交通事故で利用できる保険の種類
交通事故に遭った際、利用できる保険は主に3種類。
どんな保険が使えるのか、それぞれの内容を解説します。
自賠責保険
自賠責保険は、被害者側の負傷や死亡に対してのみ、支払われます。
加害者側への補償はなく、あくまでも相手をケガさせてしまったときのための保険。
負傷の場合は最高120万円、後遺障害の等級に応じて75万円~4,000万円、死亡時には最高3,000万円と定められています。
自賠責保険は強制加入となっているため、運転する全ての人が加入済みです。
しかし、自賠責保険の対象は最低限の金額となっており、それ以上の支払いが必要となった場合には、任意保険もしくは自費で賄う必要があります。
自賠責保険による限度額(被害者1名につき)
- 傷害による損害:120万円
後遺障害による損害
- 常時介護が必要な場合:4,000万円(第1級)
- 随時介護を要する場合:3,000万円(第2級)
- 上記以外の後遺障害:3,000万円(第1級)~75万円(第14級)
- 死亡による損害:3,000万円
保険の上限120万円を超える損害賠償を請求された場合は、任意保険に加入していれば超えた部分を補償してもらえるので、自己負担はありません。
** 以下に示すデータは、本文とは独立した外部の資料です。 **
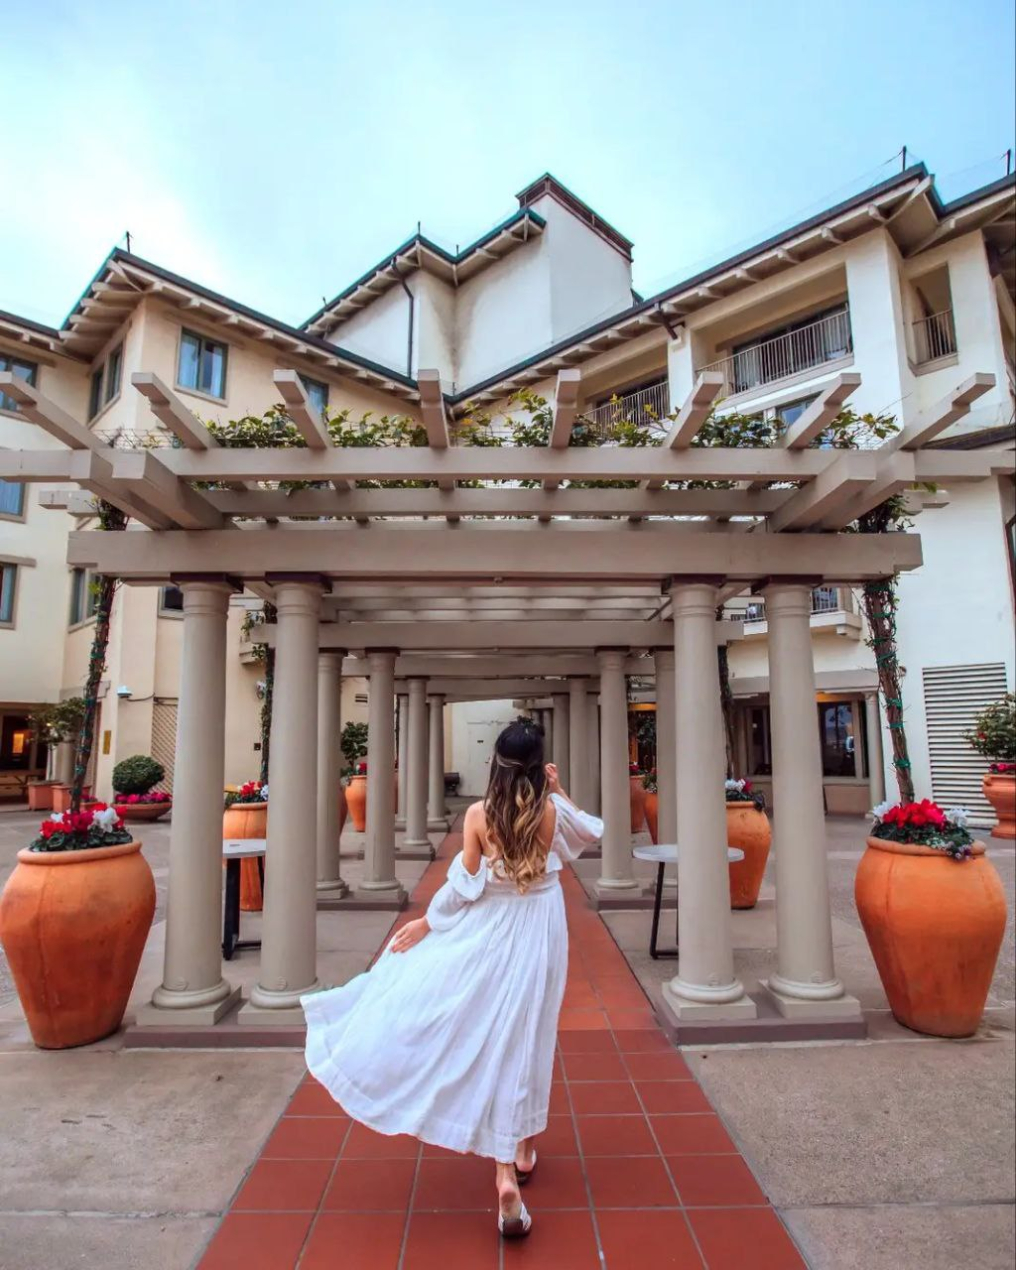 Monterey Plaza Hotel & Spa Venue photo

しかし任意保険に未加入であれば、超えてしまった部分は全て自分で支払う必要があります。
任意保険
任意保険は、自賠責保険に加えて加入する保険。
加入するかどうかは、運転者自身が選べます。
任意保険は、保険の種類によってさまざまな補償が付帯しているのが特徴。
例えば、以下の補償を付帯させることができます。
- 対人賠償
- 対物賠償
- 搭乗者傷害
- 人身傷害補償
- 自損事故
- 無保険車傷害
- 車両保険
- 弁護士特約サービス
- ロードサービス
任意保険なら、補償金額を無制限に設定することも可能です。
しかし、20%以上の車が任意保険未加入で走っているのが実情。
自分のためにも相手のためにも、任意保険に加入しておくべきでしょう。
健康保険
一般的に健康保険を使う場合はご自身に過失がある交通事故の時です。
『第三者行為』手続きをすることで、健康保険を使うことができます。
その場合は、ご自身の加入している保険組合に連絡し手続きを行います。
第三者行為とは ?
交通事故など、第三者(加害者)の行為によりケガをした時に健康保険を使う場合、保険者(国保・協会・組合)への届出が義務づけられています。
本来、被害者に過失がない限り、加害者が医療費の全額を負担することになります。
保険証を使うことによって、窓口で支払う一部負担金以外の医療費(保険給付分)は、医療機関から保険者に請求される仕組み。
その場合、保険者(加入されている保険組合)が一度立て替え、後日加害者へ請求します。
※自損事故の場合は第三者行為ではありませんが、事故の内容を確認するため届出をする必要があります。
示談をする前に、各健康保険組合にご相談ください
健康保険を使う場合は、示談をする前に必ず届出をしてください。
被害者が加害者と示談をしてしまうと、請求すべき医療費を加害者あてに請求できなくなり、その結果として被害を受けた方が費用を負担することになります。
届出に必要なもの
- 対象者の被保険者証
- 印鑑(認印)
- 届出に来られる方の身分証明書
- 第三者行為による傷病届
- 交通事故の場合は、交通事故証明書
- 事故発生状況報告書
- 同意書
※詳しい必要種類については、各保険組合に確認してください。
交通事故証明書のもらい方
交通事故に遭った場合、保険会社での手続きをスムーズに進めるため「交通事故証明書」の取得が必要となることもあります。
取得方法には、郵便局やゆうちょ銀行、自動車安全運転センター、インターネットがあります。
いずれの方法でも、交付手数料540円が必要です。
警察署や交番で「交通事故証明書申込用紙」を記入し、郵便局やゆうちょ銀行などで申請してください。